» **INFORMATION GIVEN**
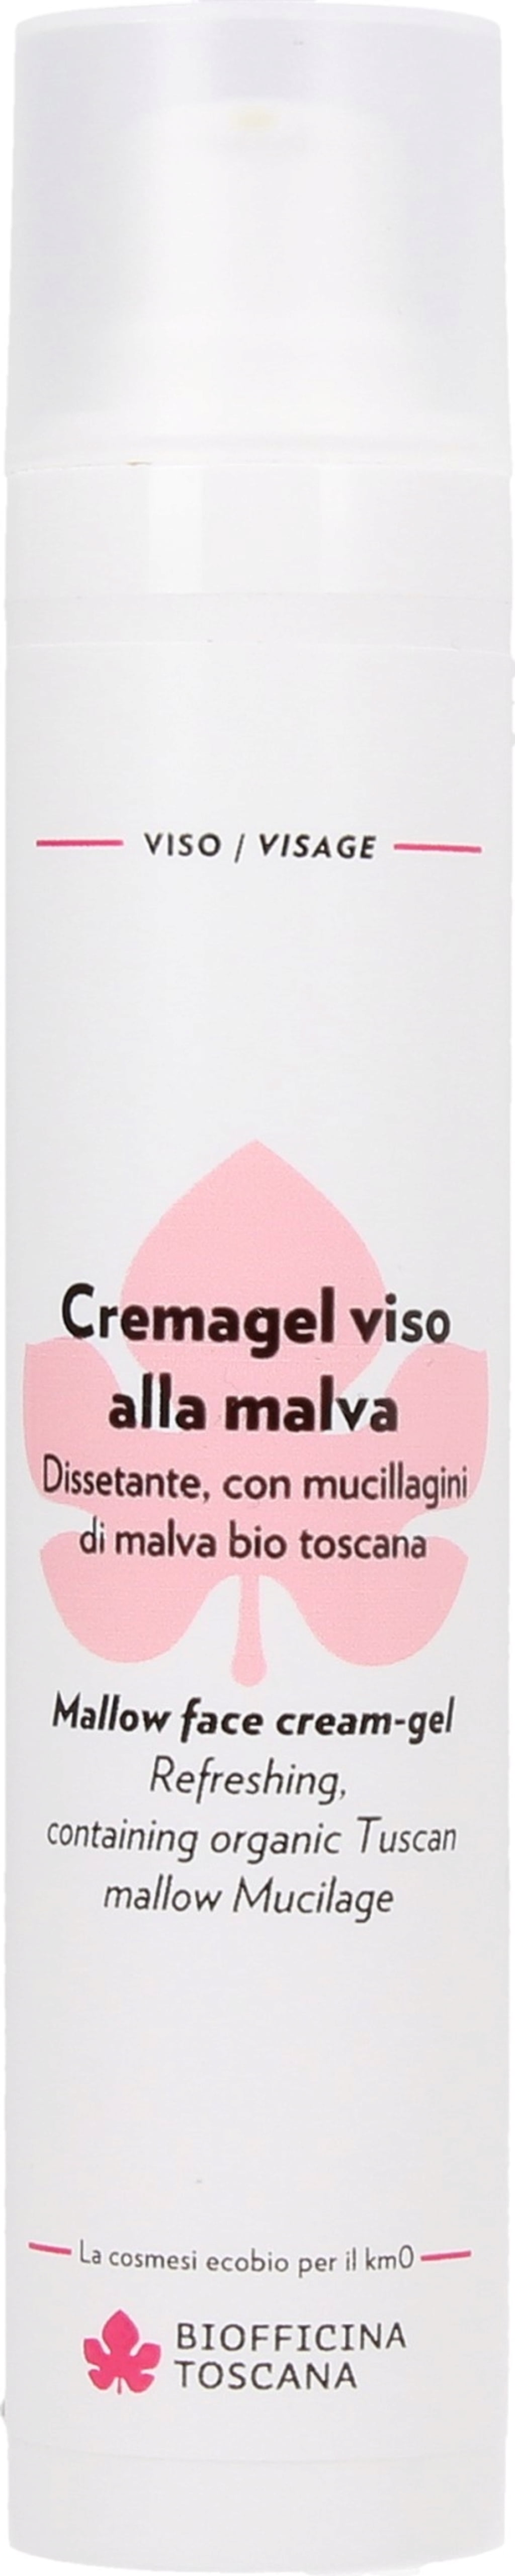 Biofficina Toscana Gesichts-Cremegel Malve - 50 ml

* * *

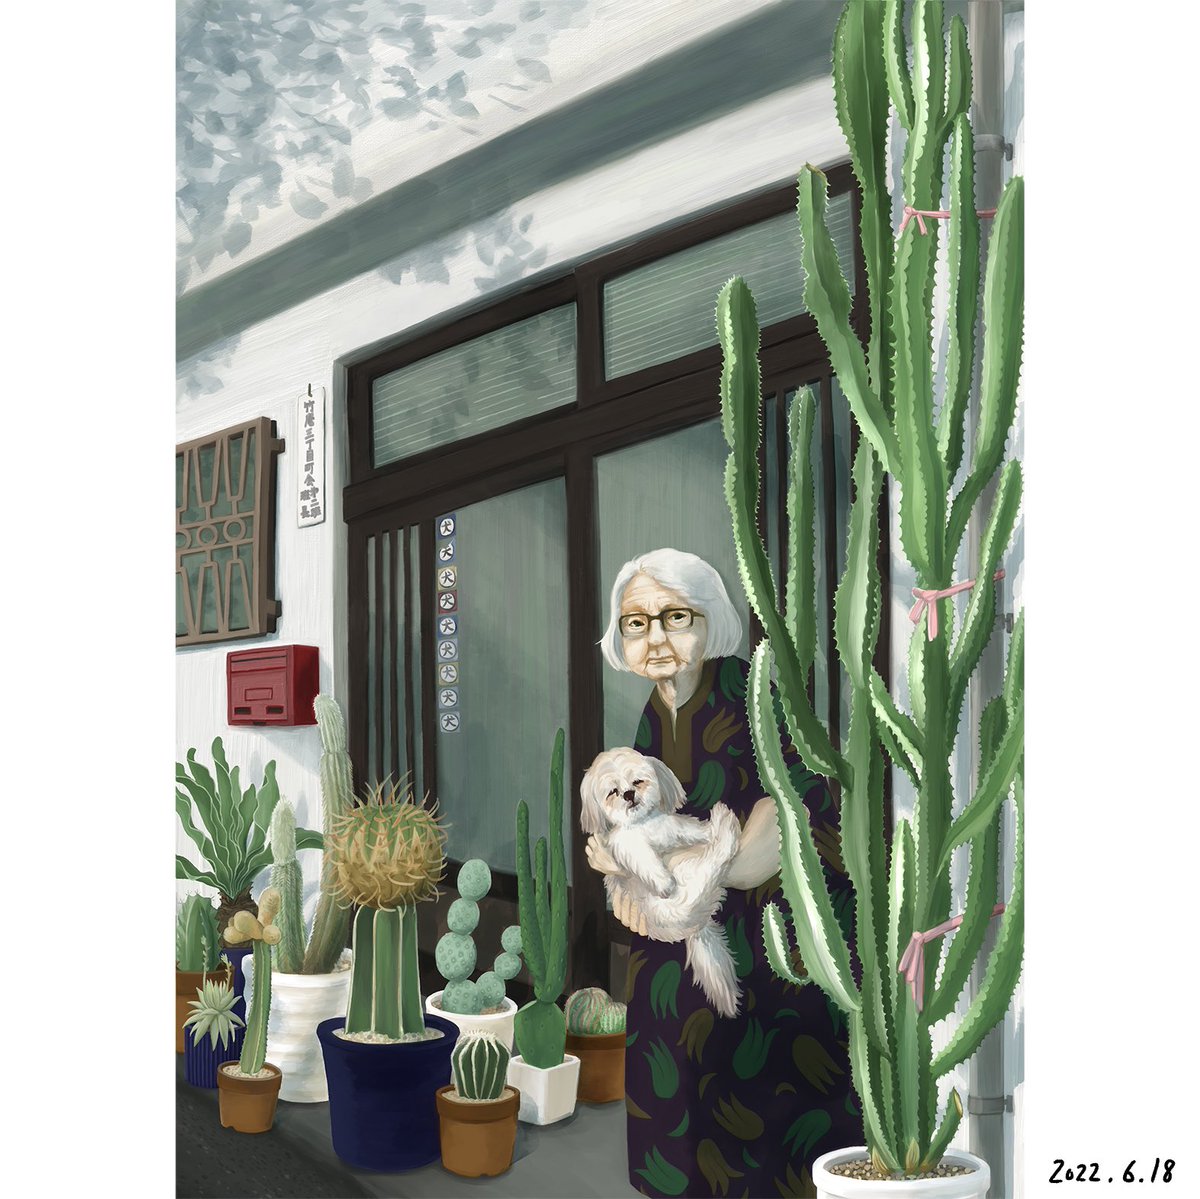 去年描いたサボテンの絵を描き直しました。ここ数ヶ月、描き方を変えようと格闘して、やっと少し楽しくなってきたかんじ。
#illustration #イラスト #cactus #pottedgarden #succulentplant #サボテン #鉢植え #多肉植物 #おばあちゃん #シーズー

» **PROBLEM REQUIREMENTS**
Within these entries, output exactly the lines starting at the one with "去年描いたサボテンの絵を描き" and finishing at the one with "#illustration #イラスト #cactus". Leave pictures out of the output.

» **TASK ANSWER**
 去年描いたサボテンの絵を描き直しました。ここ数ヶ月、描き方を変えようと格闘して、やっと少し楽しくなってきたかんじ。
#illustration #イラスト #cactus #pottedgarden #succulentplant #サボテン #鉢植え #多肉植物 #おばあちゃん #シーズー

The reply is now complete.